Vibration of Clamped Visco-Elastic Rectangular Plate with Parabolic Thickness Variations

A.K. Gupta1 and Anupam Khanna2

1Department of Mathematics, M.S. College, Saharanpur, Pin-247001, (U. P.), India
2Mathematics Department, S.I.E.T. Gangoh, Saharanpur, Pin-247001, (U. P.), India

Received 25 September 2006; Revised 14 September 2007

Copyright © 2008 Hindawi Publishing Corporation. This is an open access article distributed under the Creative Commons Attribution License, which permits unrestricted use, distribution, and reproduction in any medium, provided the original work is properly cited.

Abstract

Most of the machines and engineering structures experience vibration and their design generally requires consideration for their dynamic behavior.
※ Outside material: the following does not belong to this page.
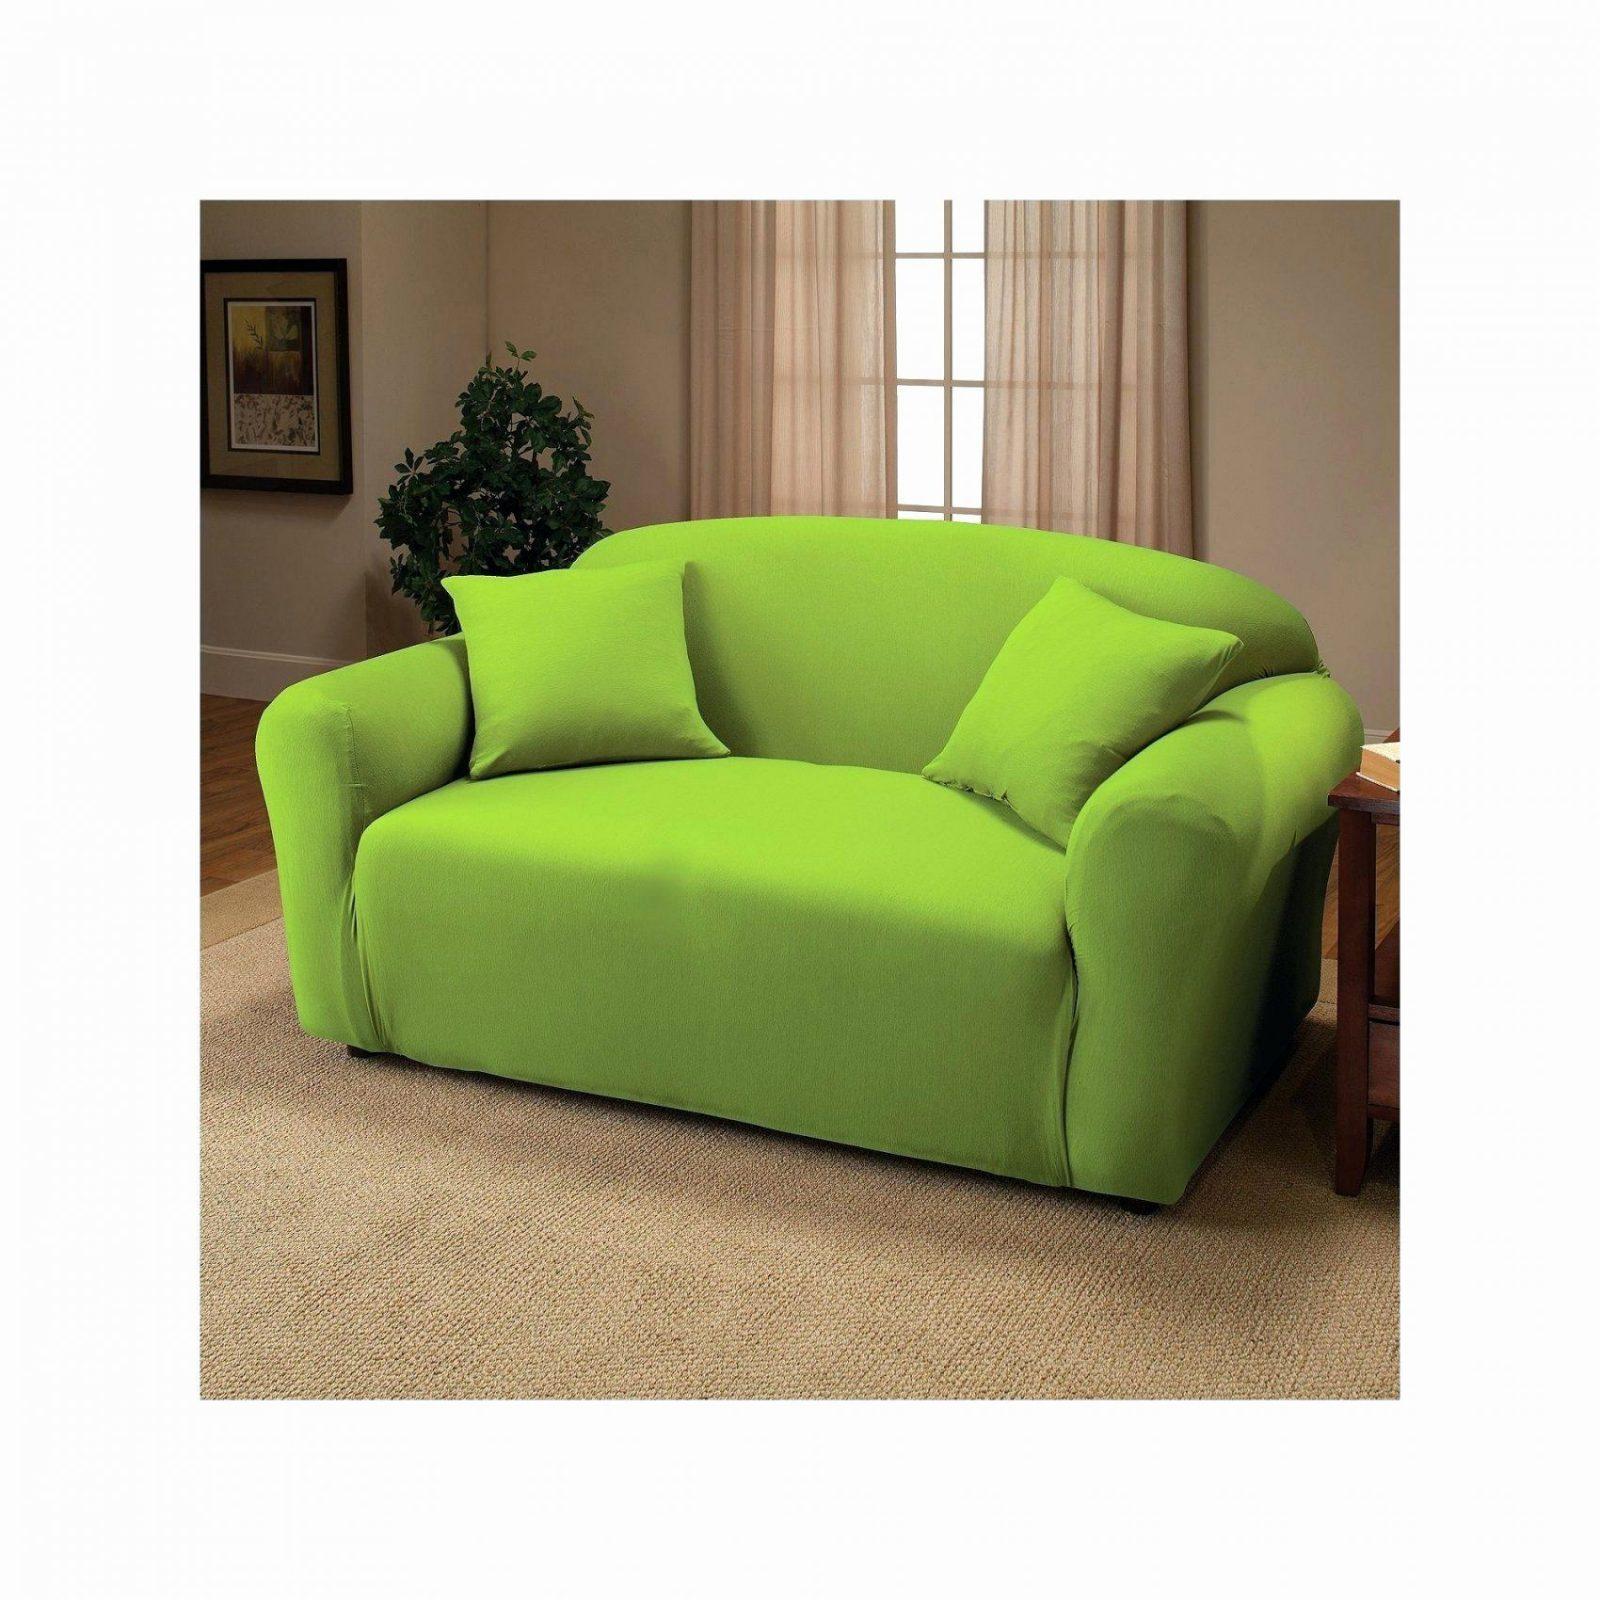 Dreisitzer Sofa Schlaffunktion Eckgarniturs Günstig Kaufen Best Of von Kleine Wohnlandschaft Mit Schlaffunktion Bild

Due to this, the study of vibration, as it deals with the vibratory behavior of bodies, is acquiring increasingly importance in several engineering applications, nuclear reactor technology and aeronautical field etc. Most of the work has been done in the field of elastic and non-elastic behavior of the bodies but a very little work is done in the field of visco-elastic bodies with varying thickness. The analysis presented here is to study the effect of taper constants on free vibration of a clamped visco-elastic rectangular plate with parabolically varying thickness. The two-dimensional thickness variation is taken as the Cartesian product of parabolic variations along the two concurrent edges of the plate. Using Rayleigh-Ritz method, frequency equation derives. Logarithmic decrement, time period and deflection for the first two modes of vibration are calculated for various values of taper constants and aspect ratio.